Des gènes errants - Clap 62 - Encore des cahiers !
Bonjour, la Smala-aller-de-l'avant (clap 62)
La précédente publication s'arrêtait comme ça :
"A la fin du cahier, quelques lignes stoïques sur la dernière page sont rédigées et disposées comme un poème : Rocky, C’est moi, animal. Je suis lui, Dan. Sauf lui, personne ne me comprend ici-bas. Lui n’a pas la parole, mais il a ce regard, là. Face à moi, il est entier, Il est ma moitié manqué. A nous deux, tout file. J’aurai dû l’appeler Niel.".
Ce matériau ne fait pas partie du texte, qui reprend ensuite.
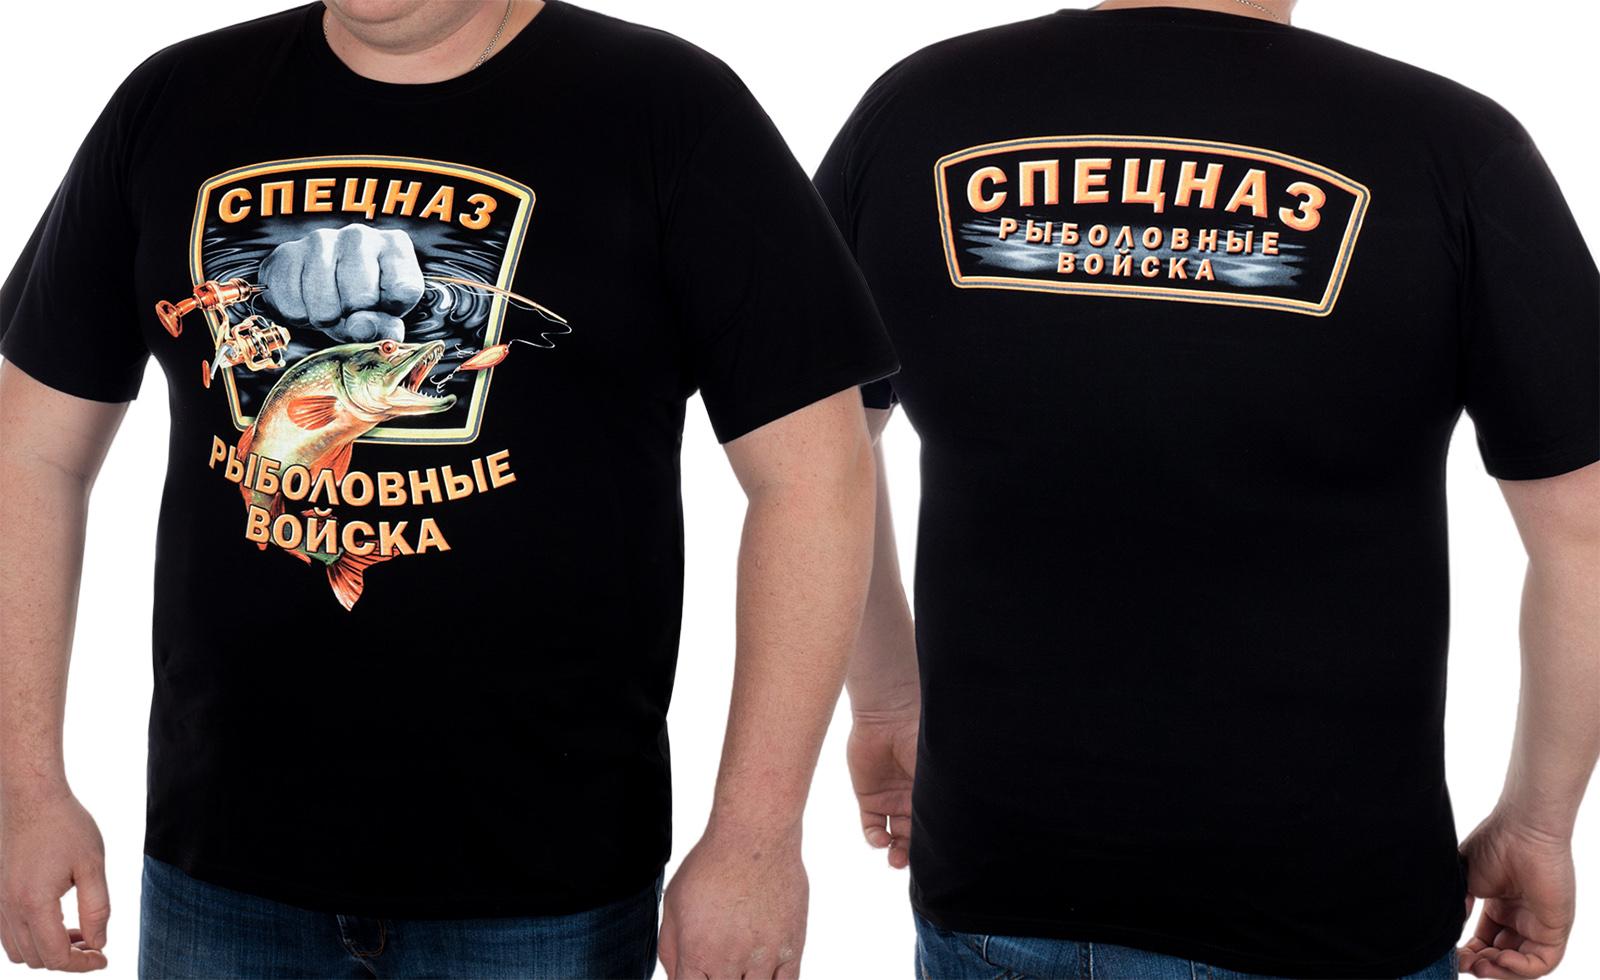 Мужские футболки купить в СПб

Ludivine voit peu à peu le profil du père surgir à travers ces cahiers. Tout ce dont il n’a jamais parlé. Elle a une grande douceur pour la douleur exposée, pour l’amour pur déversé entre les pages, pour la souffrance saupoudrée sur toute la vie du père. Elle n’a qu’une envie, c’est de continuer à découvrir, avide, curieuse. Lui trouver des excuses de ne pas avoir été le père qu’elle aurait aimé avoir. Lui trouver des excuses pour pouvoir continuer son chemin à elle. Elle en a le temps, rien ne la presse et le temps passe vite, là, au creux de la chaleur du fauteuil en cuir. Elle se laisse absorbée, oubliant la vie à l’extérieur, au chaud dans l’antre du père, son antre à elle, sur l’instant.
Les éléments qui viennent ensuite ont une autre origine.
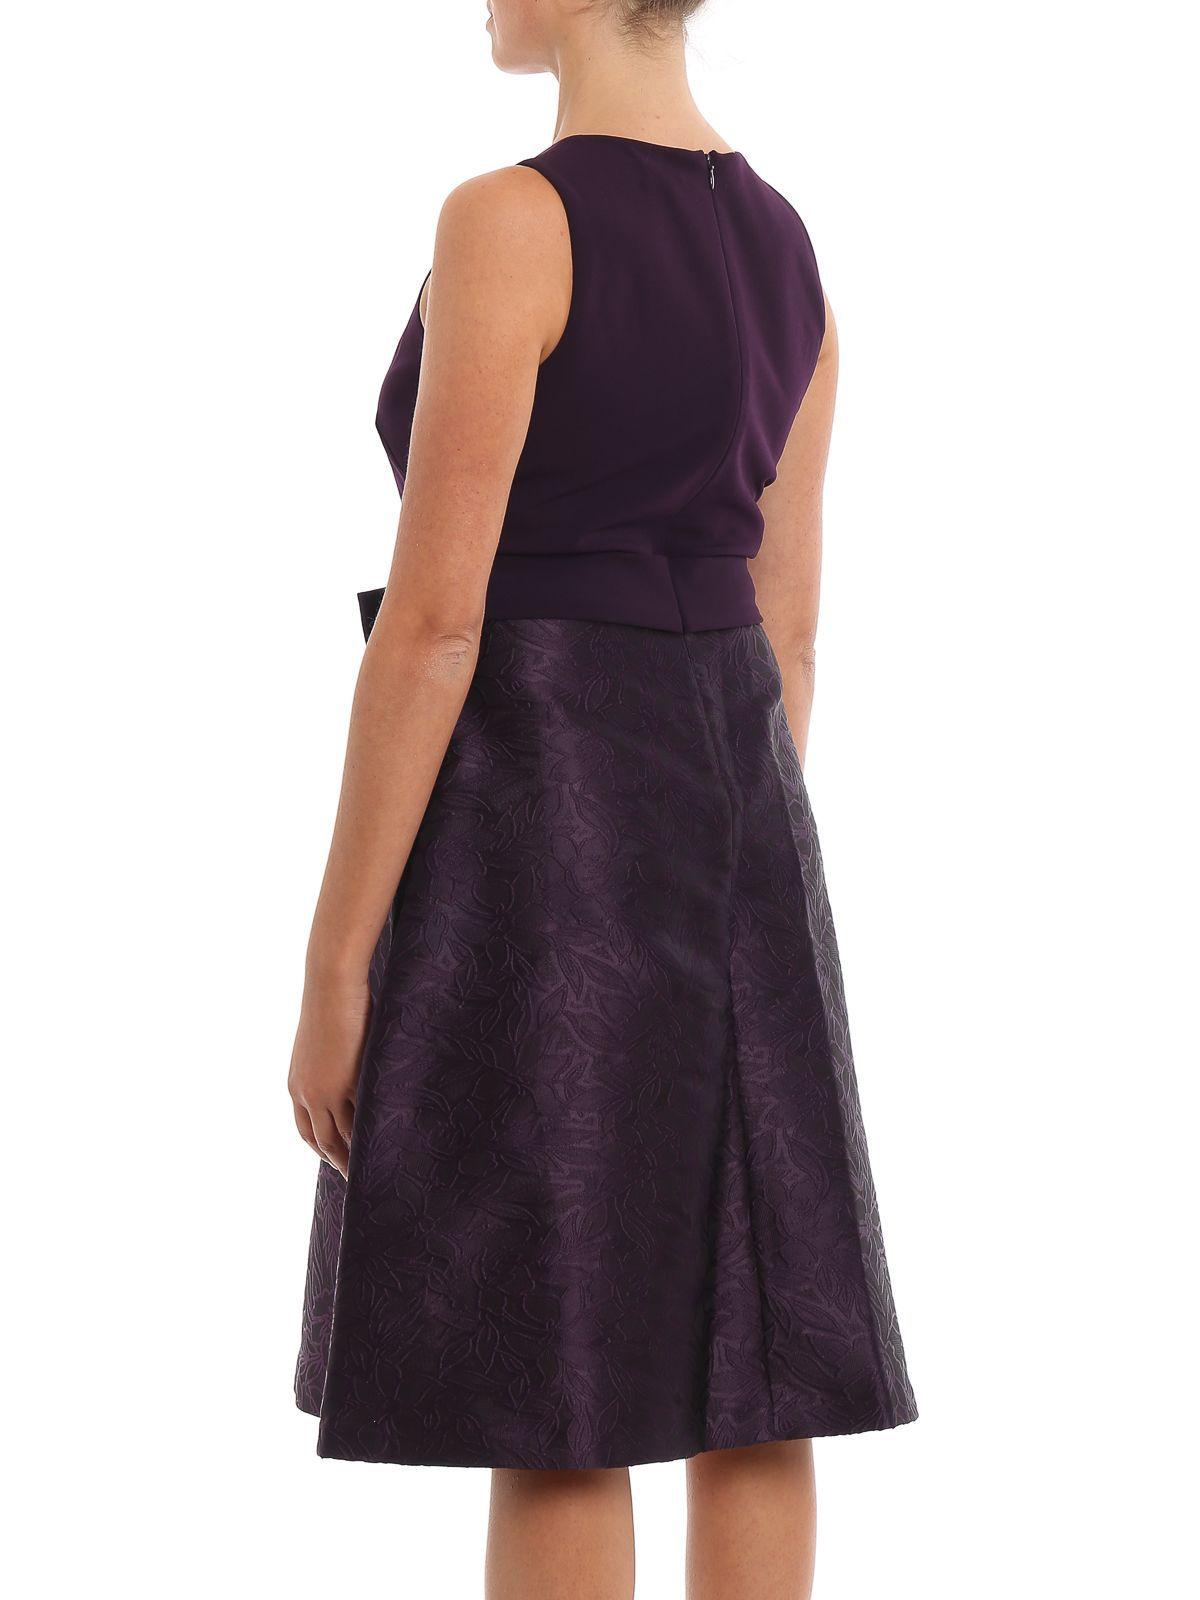 RALPH LAUREN WOMEN'S 253756526005 PURPLE POLYESTER DRESS

Elle est tellement absorbée d’ailleurs qu’elle n’entend pas
les bruits de l’extérieur. Elle n’entend pas les bruits de la ville et le
portail grincer quand quelqu’un l’ouvre. Elle n’entend pas les bruit de pas
dans l’allée.
Les cahiers l’absorbent toute entière et les suivants, 1961,
1962, sont plein de vides. Ceux de 1963 et 1964 sont en revanche remplis de
dessins ; des voitures par-là, des croquis de Rocky, puis, des voitures
encore, puis Rocky, encore et encore, mettant en évidence un côté obstiné,
passionnel, entier, et totalement mono tâche ; oui, Ludivine a la
confirmation à travers ces sujets rarement élargis que quand le père avait un
intérêt, il était entièrement voué et tourné vers lui, faisant fi de tout le
reste et du reste du monde. Entre 1960 et 1964, son petit monde à lui se
réduisait aux voitures et à son chien, ses dessins, comme il s’était réduit à
son vague à l’âme pendant toutes ces années où Ludivine habitait dans la maison
de maître au perron de pierre et au portail en fer forgé.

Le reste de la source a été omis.